Frank Shearar Thu, 26 Apr 2012 02:48:56 -0700

On 26 April 2012 03:35, Levente Uzonyi <[email protected]> wrote:
> On Wed, 25 Apr 2012, Levente Uzonyi wrote:
>
>> On Wed, 25 Apr 2012, Frank Shearar wrote:
>>
>>> On 20 April 2012 15:15, Frank Shearar <[email protected]> wrote:
>>>>
>>>> On 20 April 2012 03:51, Levente Uzonyi <[email protected]> wrote:
>>>>>
>>>>> On Thu, 19 Apr 2012, Frank Shearar wrote:
>>>>>
>>>>>> I found a serious bug in parsing numbers with negative exponents. It
>>>>>> was completey broken, in fact, parsing 1e-1 as 10, not 1 / 10. Anyway.
>>>>>> This version fixes that, and adds a bunch of tests demonstrating that
>>>>>> number parsing will return rationals if it can.
>>>>>>
>>>>>> It's significantly slower than Squeak's SqNumberParser:
>>>>>>
>>>>>> Time millisecondsToRun: [100000 timesRepeat: [SqNumberParser parse:
>>>>>> '1234567890']] => 466
>>>>>>
>>>>>> Time millisecondsToRun: [100000 timesRepeat: [PPSmalltalkNumberParser
>>>>>> parse: '1234567890']] => 32082
>>>>>>
>>>>>> I've attached a MessageTally spying on the latter: I've not much skill
>>>>>> in reading these, but nothing leaps out at me as being obviously
>>>>>> awful.
>>>>>
>>>>>
>>>>>
>>>>> Didn't check the code, just the tally, and I think that
>>>>> PPSmalltalkNumberParser(PPSmalltalkNumberGrammar)>>digitsBase: is
>>>>> begging
>>>>> for optimization.
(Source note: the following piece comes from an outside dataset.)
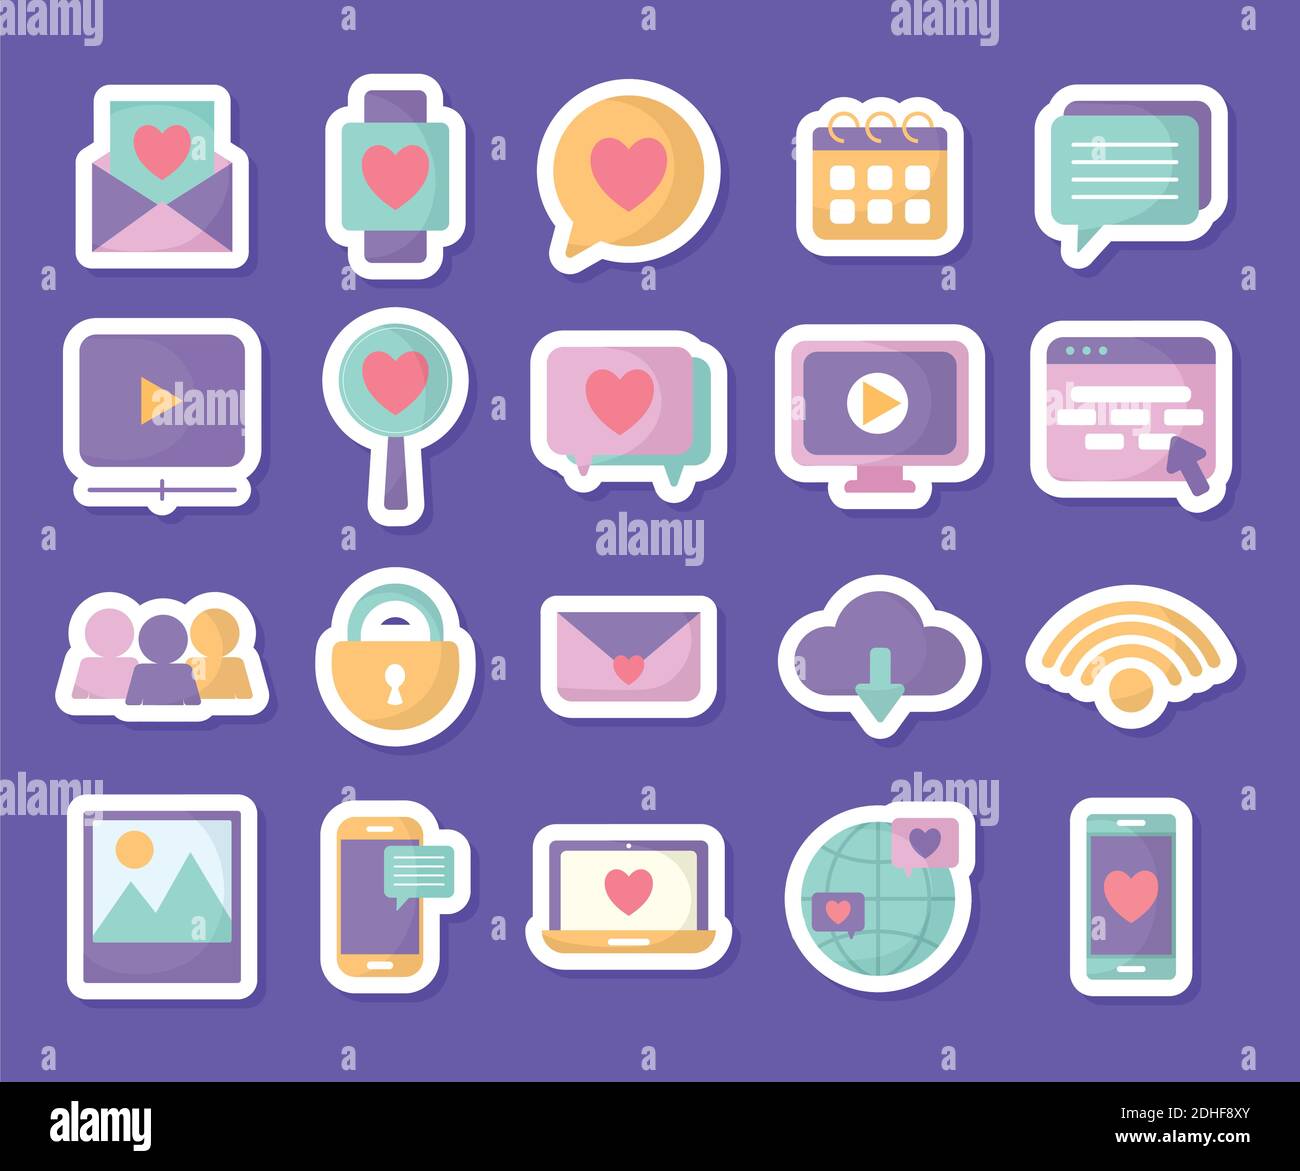 groupe d'icônes de réseaux sociaux sur fond violet Illustration de Vecteur
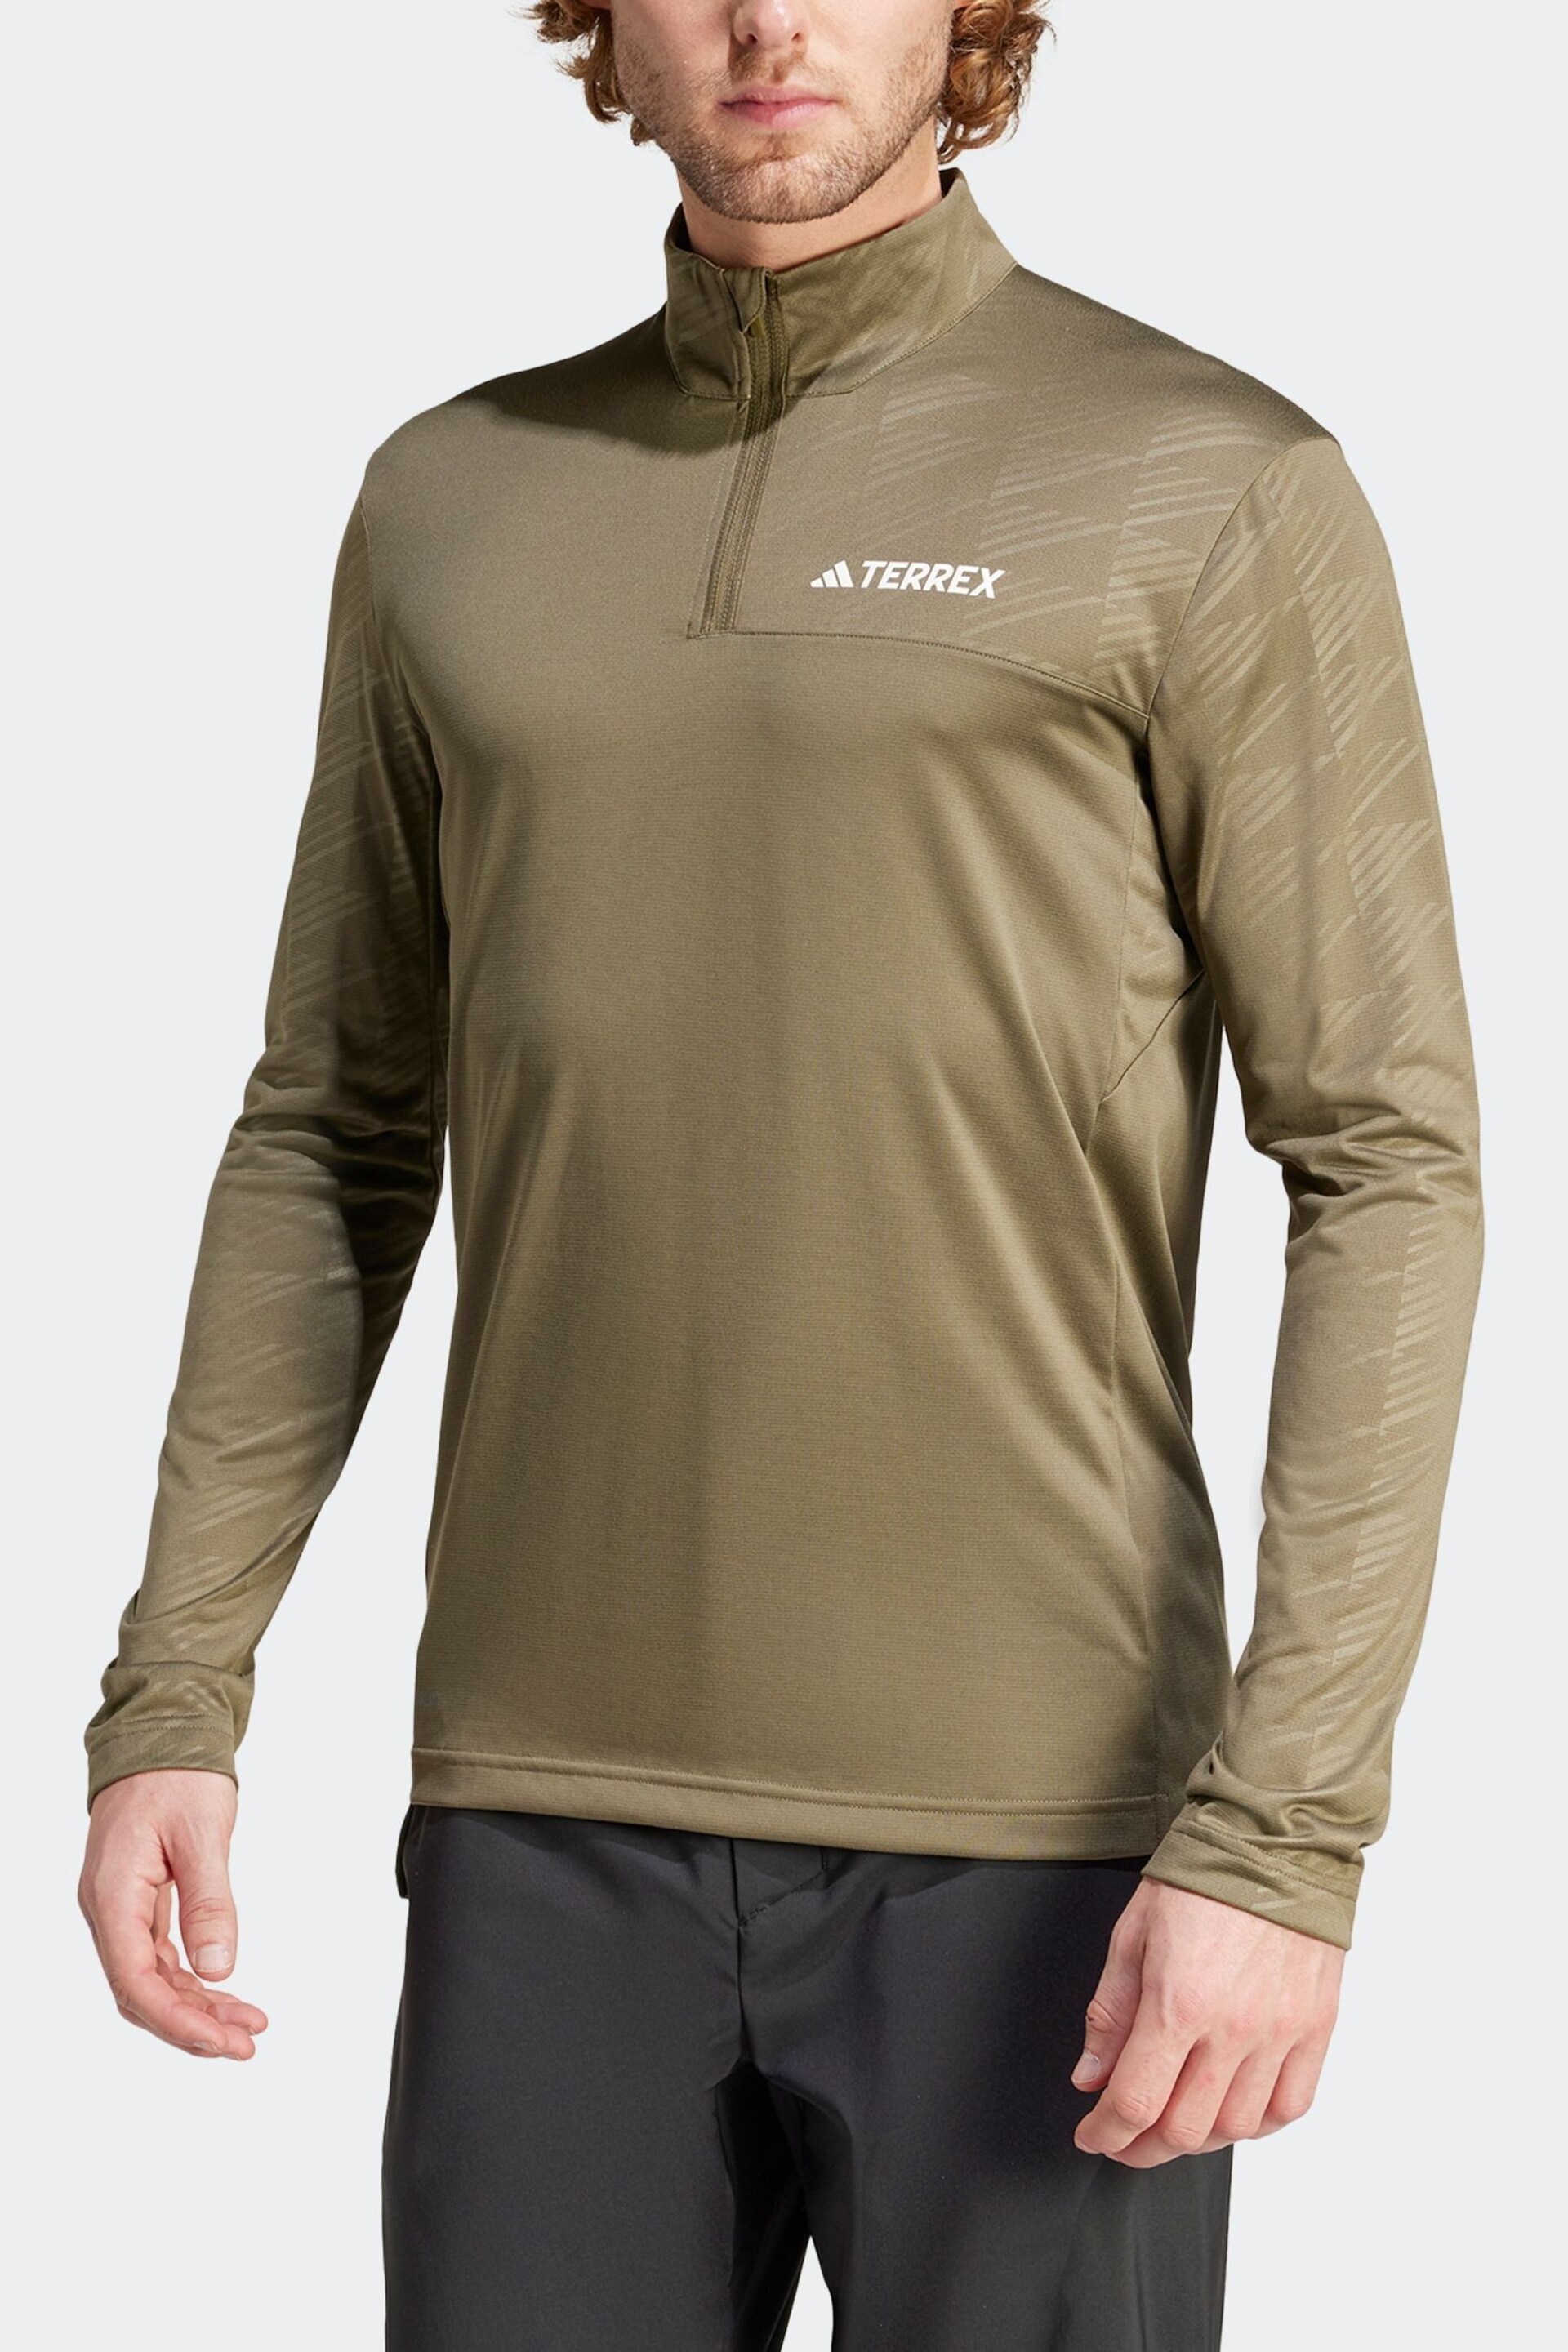 adidas Terrex Khaki Green Half Zip Long Sleeve Fleece - Image 5 of 8

It's probably also the cause of the high amount of
>>>>> garbage
>>>>> which causes significant amount of time spent with garbage collection.
>>>>> It's also interesting is that the finalization process does so much
>>>>> work,
>>>>> there may be something wrong with your image.
>>>>
>>>>
>>>> Thanks for taking a look, Levente.
>>>>
>>>> I'd expect digitsBase: to dominate the running costs, given that we're
>>>> parsing numbers.
>>>>
>>>> I do make a large number of throwaway "immutable" values with a
>>>> Builder-like pattern... in PPSmalltalkNumberParser >>
>>>> #makeNumberFrom:base:. That, I would imagine, could explain the
>>>> garbage?
>>>>
>>>> If I may, what do you look for when reading the MessageTally? How do
>>>> you tell, for instance, that there's excessive garbage production?
>>>> That the incremental GCs take 7ms? (I'm reading Andreas' comments on
>>>> http://wiki.squeak.org/squeak/4210 again.)
>>>
>>>
>>> Levente, you're quite right: #digitsBase: has now been optimised even
>>> more, reducing the time taken to run my benchmark
>>>
>>> MessageTally spyOn: [Time millisecondsToRun: [100000 timesRepeat:
>>> [PPSmalltalkNumberParser parse: '1234567890']]]
>>>
>>> from ~32 seconds to ~16 seconds. (Memoising was the answer:
>>> #digitsBase: is effectively a higher-order production and, like OMeta,
>>> PPCompositeParser doesn't memoise those. A simple class var dictionary
>>> solves that problem.
>>
>>
>> Creating a new parser (PPSmalltalkNumberParser) takes quite a while, if
>> you extract the parser creation, then you'll get closer to the performance
>> limit of PetitParser:
>>
>> | p |
>> p := PPSmalltalkNumberParser new.
>> [ Time millisecondsToRun: [100000 timesRepeat: [p parse: '1234567890']] ]
>> timeProfile. "==> 2594"
>>
>> There are still places where you create parsers on the fly, like
>> PPSmalltalkNumberGrammar #>> number. These should be avoided.
>
>
> I hacked the code a bit and got the following results:
>
> (1 to: 5) collect: [ :run |
>
>        | p |
>        p := PPSmalltalkNumberParser new.
>        Smalltalk garbageCollect.
>        [ 1 to: 100000 do: [ :i | p parse: '1234567890' ] ] timeToRun ].
>
> #(1198 1209 1225 1221 1204)
>
> It's ~6 times slower than SqNumberParser and I don't really think it can get
> much closer to it. The mcz is available here:
> http://leves.web.elte.hu/squeak/PetitSmalltalk-ul.62.mcz


Ah excellent! Thanks! I see you eagerly initialise the number parsers
where I'd gone the lazy/memoise route. Any performance implications I
should be aware of, other than of course that eager initialisation
means keeping 36 parsers around when maybe three or four of those will
see regular use? (decimal, hex, binary, octal) For instance, I guess
the running cost of Dictionary >> #at:ifAbsentPut: is greater than
Array >> #at: because the latter just uses a primitive.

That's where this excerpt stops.